Duncan Smith's claims, therefore, were not only politically problematic but were also dismissed by the researcher on whose work he claimed to base them. One would have hoped that Duncan Smith would have withdrawn. However, Duncan Smith actually
denied he had misrepresented Dr Perry's work, whom he acknowledged as the source of his claims about brain development.

He said the focus of his policy work was on early intervention in the crucial early years of childhood, and his references to brain size related to "absolute extreme neglect and abuse".

"I haven't misrepresented his findings. I don't talk about every single child," he said. "The brain size is an example of what happens at the extreme end of that neglect and abuse, which is something I know that he has written about."
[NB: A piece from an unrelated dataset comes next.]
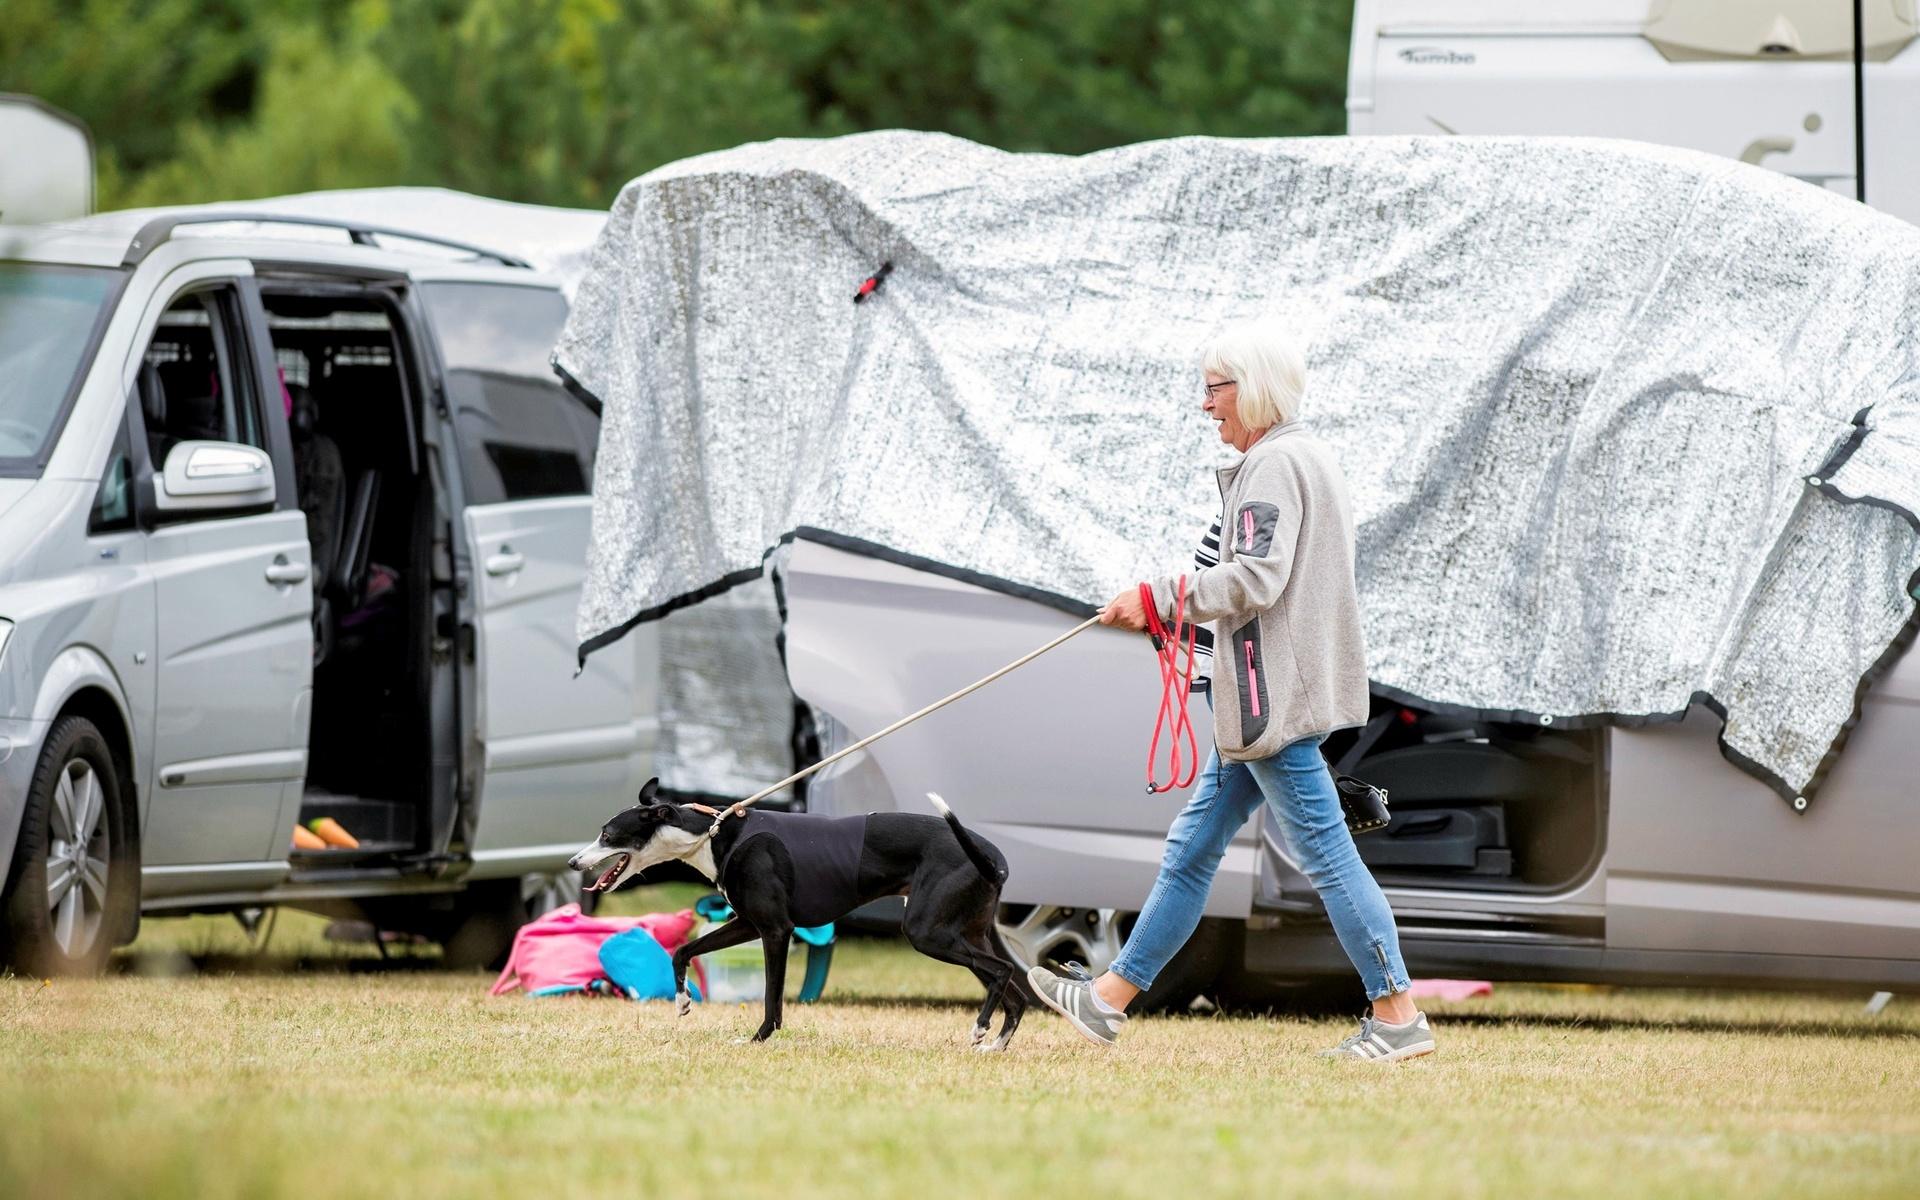 Runt hela området är det full aktivitet där många har rest från olika delar av Sverige och parkerat sina husvagnar. Överallt ser man hundägare som går runt med sina whippets i väntan på att deras hundar ska få springa just sitt heat. 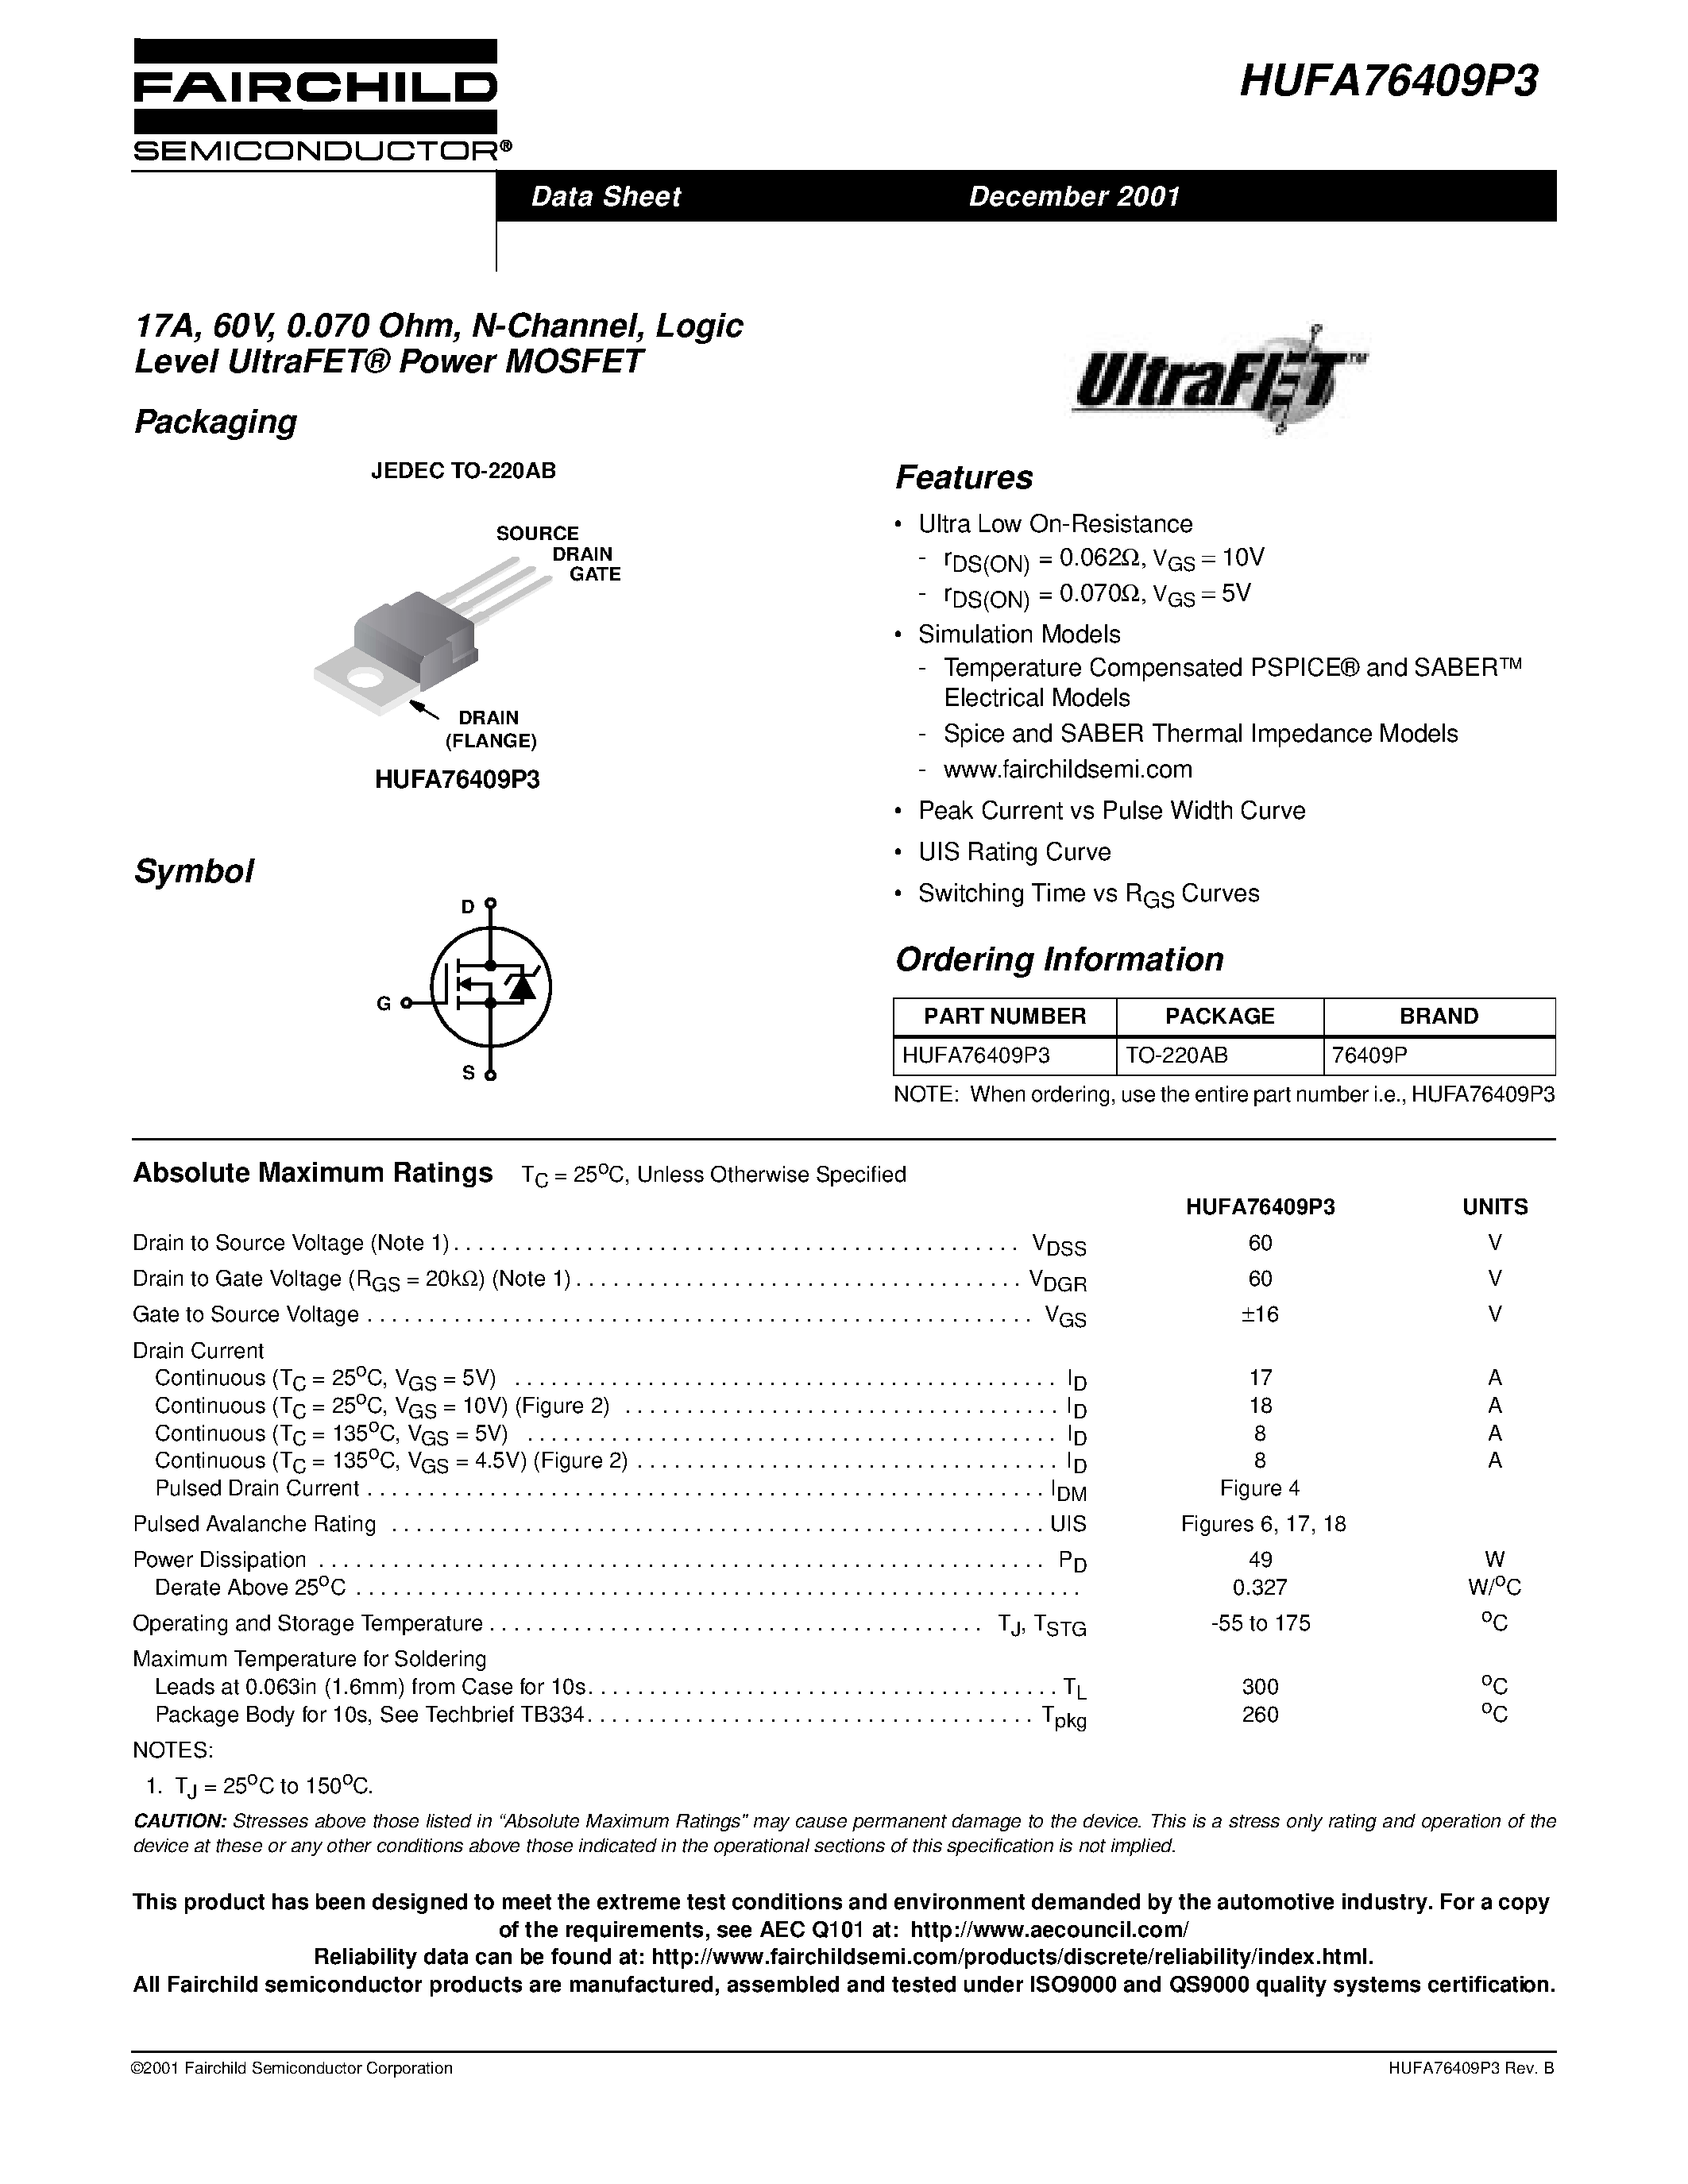 Даташит HUFA76409P3 - 17A/ 60V/ 0.070 Ohm/ N-Channel/ Logic Level UltraFET Power MOSFET страница 1

This case study illustrates a number of the unfortunate ways in which research can be used. Duncan Smith made politically problematic and overly deterministic claims - which he backed up with a misrepresentation of neuroscientific research.

There was no need for Duncan Smith to draw on and misrepresent neuroscience in order to argue against abusing and neglecting children - there is widespread agreement in Britain that this is bad and damaging (and one could also, for example, look at psychological research on abuse and neglect - even if nothing were to show up on brain scans). However, Duncan Smith used a misrepresentation of neuroscientific research in order to make particular political and moral claims. It is unfortunate that a senior politician in a major political party feels the need to speak out against mothers (not fathers?!) who have more than one partner: there is no good reason to think that non-conventional family structures are in any way inherently harmful, and if someone becomes a single parent while their baby is young then it seems rather harsh to expect them to have only one partner over the next 18 years. However, if one were to want to argue that this is immoral then this should be done on moral grounds instead of trying to lean on the authority attributed to neuroscience.

It was good to see that both Perry and the Guardian challenged Duncan Smith's claims. Hopefully, during and after this election campaign it will become increasingly hard for politicians to misuse and misrepresent research.